Do your hips feel stiff? Do you have difficulty folding at the hips when in light seat or two-point? Do you have trouble absorbing the motion at the sitting trot? Whether you ride western or English having the ability to move at hips (not the waist) is important to an effective seat and a solid position. Here’s a quick tip you can do off and on your horse to improve your awareness of your hips.
(Caution: while this exercise is useful for western riders it is advised that you practice off the horse, bareback or with caution in your western saddle. You don’t want your belt getting hooked on the horn!)
Have you ever noticed when you jump that you either get pitched forward as the horse goes over the fence or fall back in the saddle on landing? Perhaps you ride dressage or western and you feel like your hips are stiff. The problem may not be in your hips but instead in the way you use your pelvis in relation to your hips.
Your hips are a ball and socket joint. Without muscles (and some people who are really good at yoga) you would be able to put both of your feet behind your head because the hip joint have tremendous mobility. In reality we have to limit the mobility in the hips in order to stand, walk and ride.
In order to control the movement of the hip there are strong ligaments, which prevent the hip joint from going too far in one direction or the other. These ligaments act to control the movement in the hip without having to use muscles. In addition there are muscles that surround the hip joint to move the leg in various directions, adduction abduction, internal rotation, external rotation, extending the hip (I call this opening) and flexing the hip joint (I call this closing). In most cases it is what you are doing with your pelvis causing your hips to act as if they are stiff. When the pelvis is in a good alignment the hips can easily open and close.

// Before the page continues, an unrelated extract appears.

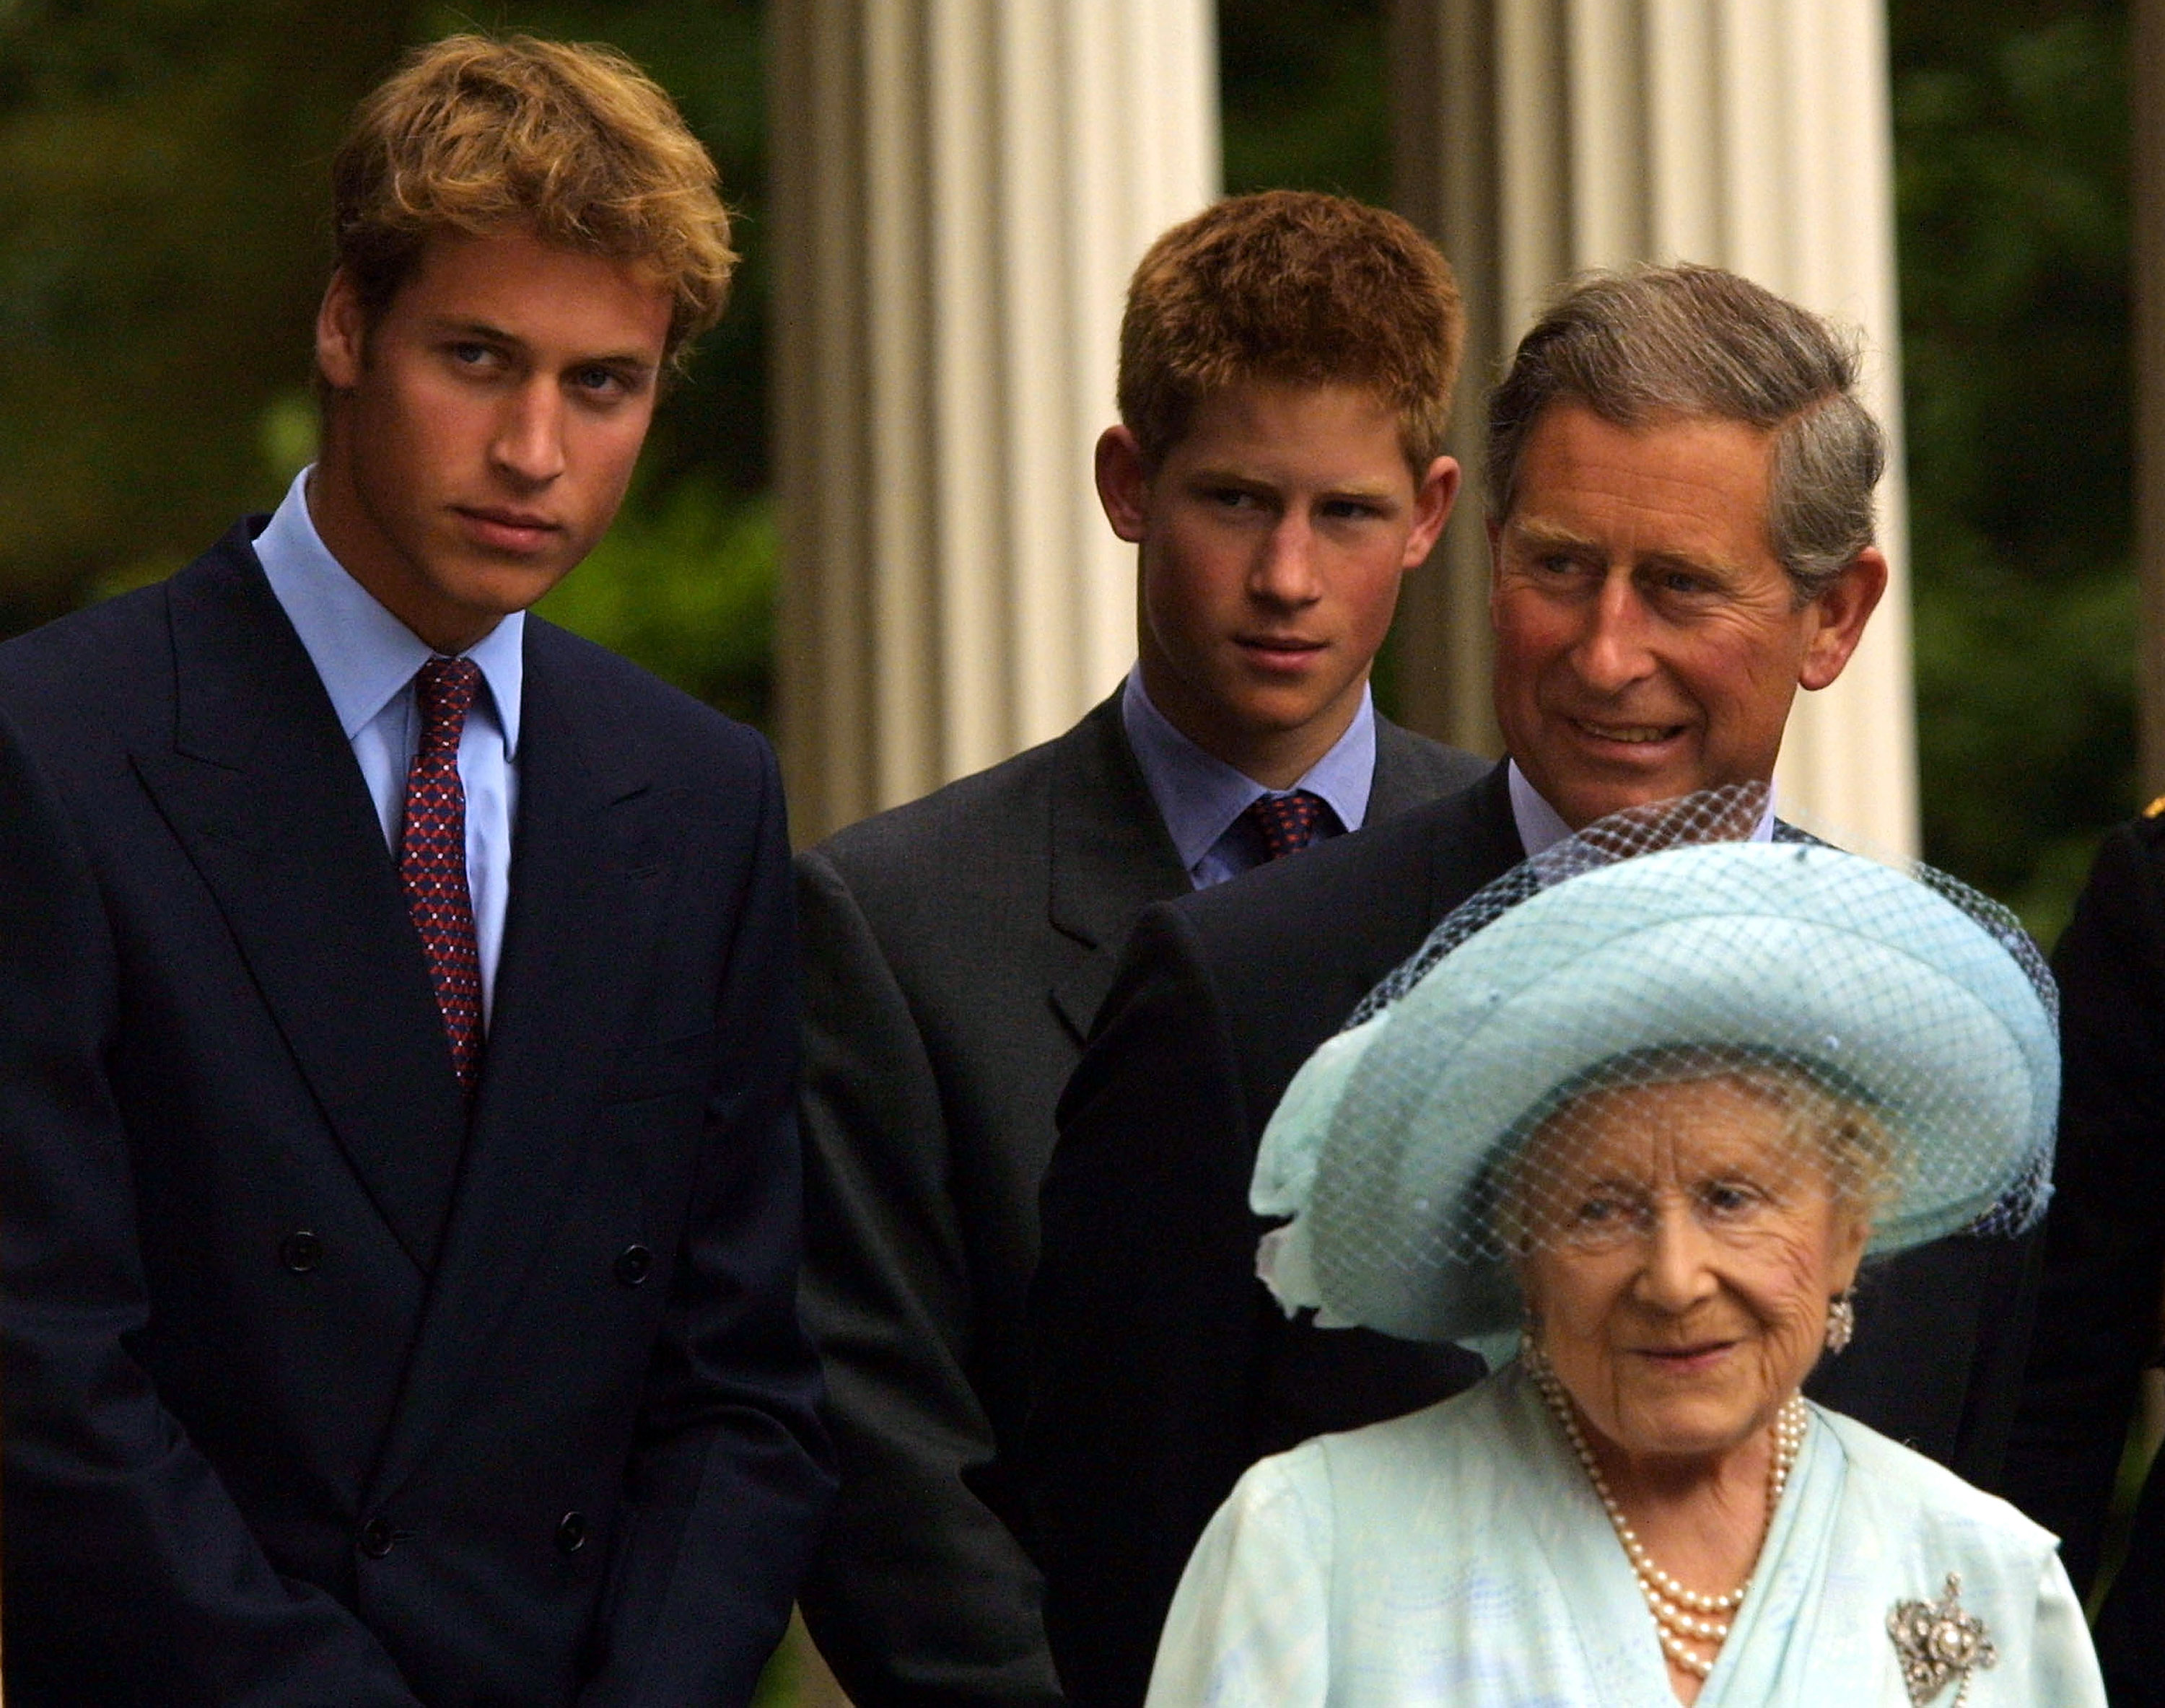 Prince William, Prince Harry, King Charles III and the Queen Mother, Elizabeth Bowes-Lyon during her 101st birthday celebrations in London, England on August 4, 2001 | Source: Getty Images

Next time you ride; try this exercise at the halt on a quiet horse. Fold forward and see if you can touch your horse’s ears. Notice if your arms feel too short or if you feel like you are falling onto the horse’s neck instead of staying well balanced over your feet. Observe if your arms want to drop towards the lower portion of the horse’s neck instead of the ears. Take one hand and feel your back. Is it round, flat or arched? Place your hands on each side of the horse’s neck and gently change the angle of your pelvis. In what position of your pelvis is it easiest close your hip and reach your horse’s ears?
If you feel like you can’t find a good position no matter what you do, push your buttocks towards the cantle of the saddle. This will give you a bit more room to fold at the hips and not the waist. As you explore your position, notice that when you are folding at the hips your arms extend without effort.
If your back is rounded your arms feel very heavy and want to drop down. If your back is arched you will not be able extend the arms easily. When attempting to sit upright with an arched back, you will have to pull yourself up with your upper body because your hips remain in a closed position.
Practice finding the alignment of your pelvis that allows your hips to open and close easily. Slide your hands towards you, yet still on the top of your horse’s neck, and see if you can push yourself upright by opening at the hips without changing the angle of your pelvis. Go slowly and feel where the alignment of your pelvis makes opening and closing your hips the easiest.
Use this Murdoch Minute as a ‘body position self-check’ to find and fold at your hip joints. Folding at your hips when riding in a forward position (regardless of the degree of angle will ensure that you remain deep and secure in the saddle regardless of the degree of fold. Finding your hips when riding on the flat will allow this joint to absorb the motion of your horse, making your sitting trot easier. And remember – enjoy the ride!